Global model structures for \(\ast\)-modules (Q2326313)

Global homotopy theory studies equivariant phenomena that occur simultaneously for all compact Lie groups in a compatible way. \textit{S. Schwede} established several Quillen equivalent models for unstable global homotopy theory in [Global homotopy theory. Cambridge: Cambridge University Press (2018; Zbl 1451.55001); Math. Z. 294, No. 1--2, 71--107 (2020; Zbl 1439.55014)], notably the category of orthogonal spaces and the category of \(\mathcal{L}\)-spaces. This paper provides an additional Quillen equivalent model for unstable global homotopy theory, the category of \(\ast\)-modules. The category of \(\ast\)-modules is a full subcategory of the category of \(\mathcal{L} \)-spaces, just as the category of \(S\)-modules in stable homotopy theory is a full subcategory of the category of \(\mathcal{L}\)-spectra. The advantage of the category of \(\ast\)-modules over the whole category of \(\mathcal{L}\)-spaces is that it becomes a symmetric monoidal model category with the box product. Additionally, the author equips the category of monoids in \(\ast\)-modules with a model structure that is Quillen equivalent to Schwede's global model structure on the category of monoids in orthogonal spaces.
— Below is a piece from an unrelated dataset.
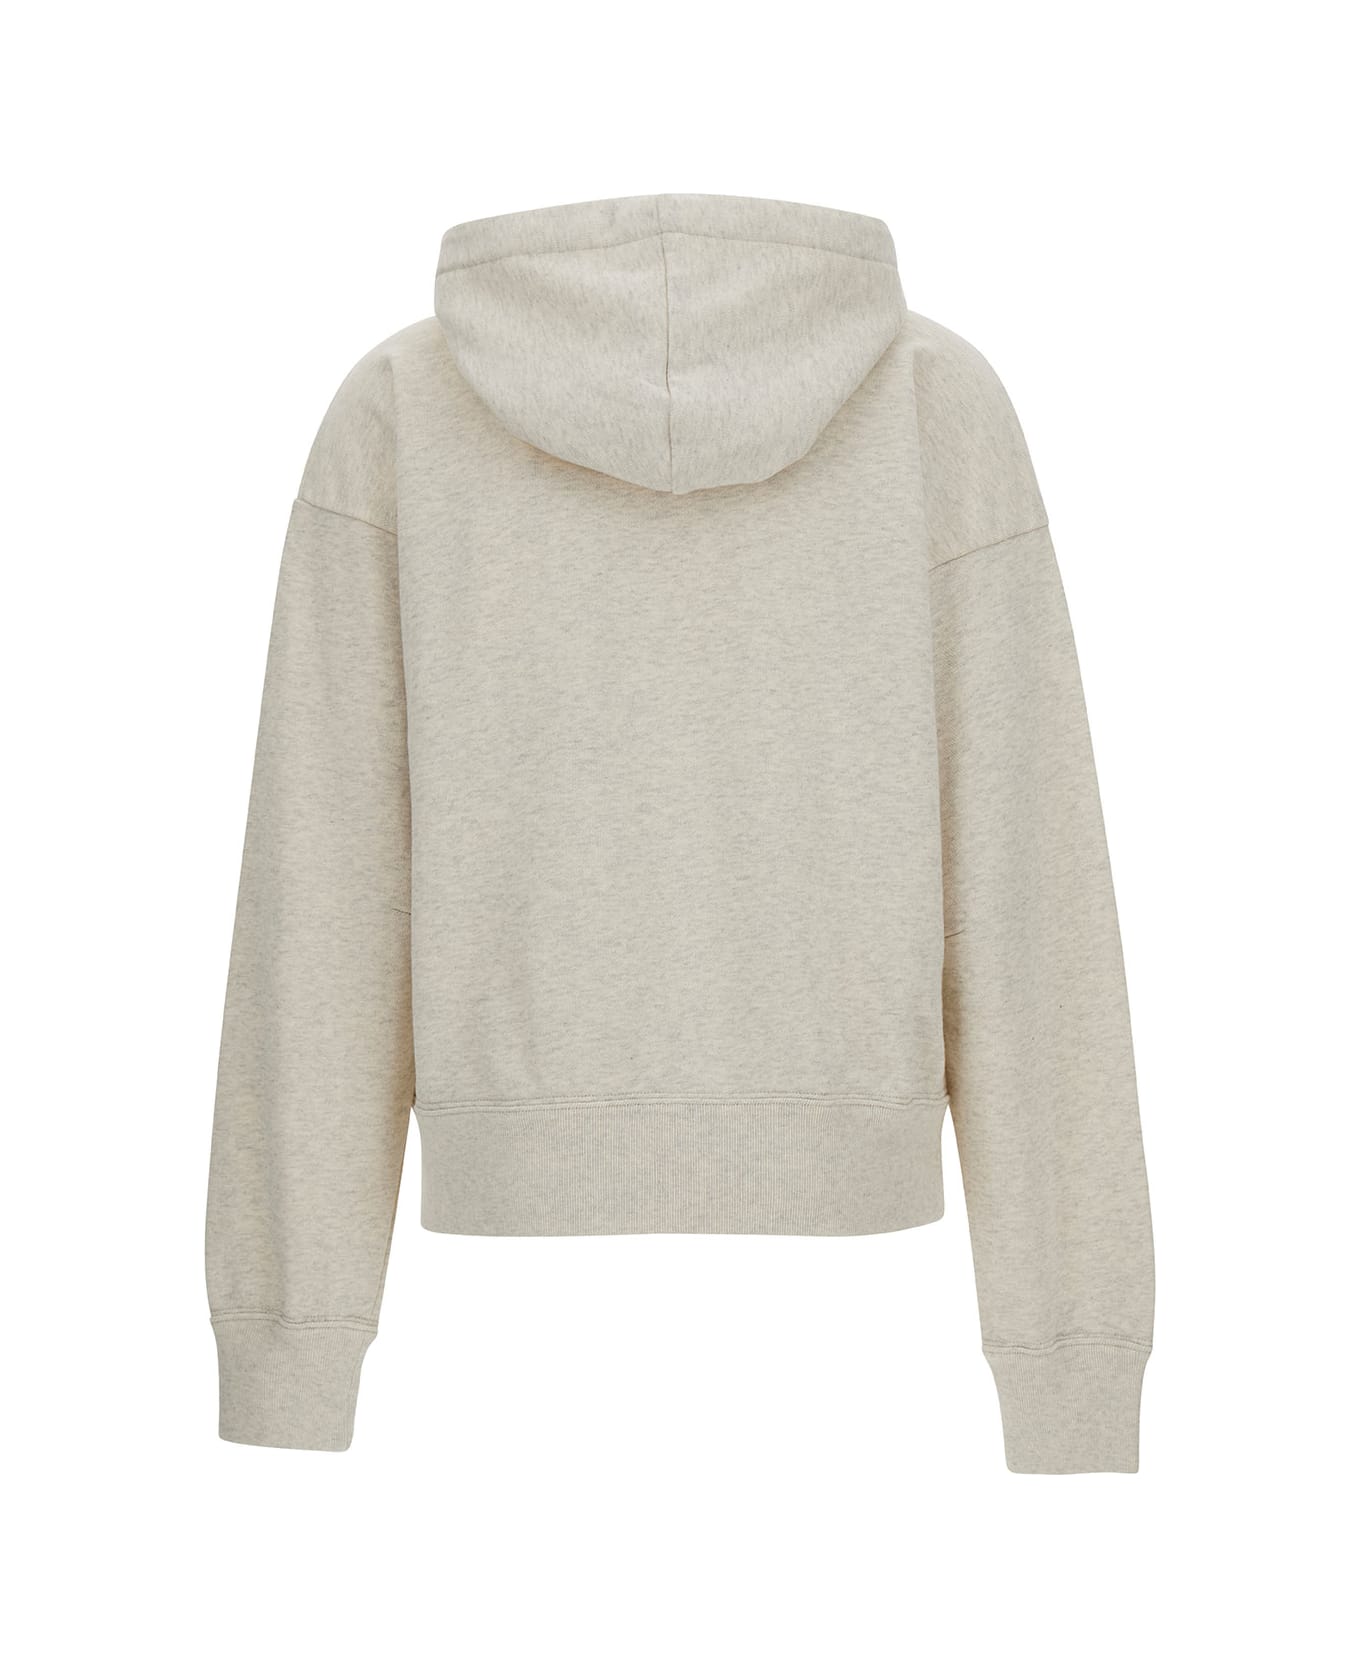 Isabel Marant Hoodie With Logo Embroidery - CIPRIA フリース

While there is a model structure on commutative monoids in orthogonal spaces, it is an open question if there exists a Quillen equivalent model structure on commutative monoids in \(\ast\)-modules. The strategy to equip the category of \(\ast\)-modules with a model structure is to identify it with a category of algebras over a monad and check that a variation of a lifting result of [\textit{S. Schwede} and \textit{B. E. Shipley}, Proc. Lond. Math. Soc. (3) 80, No. 2, 491--511 (2000; Zbl 1026.18004)] applies. This approach has previously been used nonequivariantly in [\textit{A. J. Blumberg} et al., Geom. Topol. 14, No. 2, 1165--1242 (2010; Zbl 1219.19006)]. The model structure on the category of monoids in \(\ast\)-modules is established using techniques of [\textit{S. Schwede} and \textit{B. E. Shipley}, Proc. Lond. Math. Soc. (3) 80, No. 2, 491--511 (2000; Zbl 1026.18004)].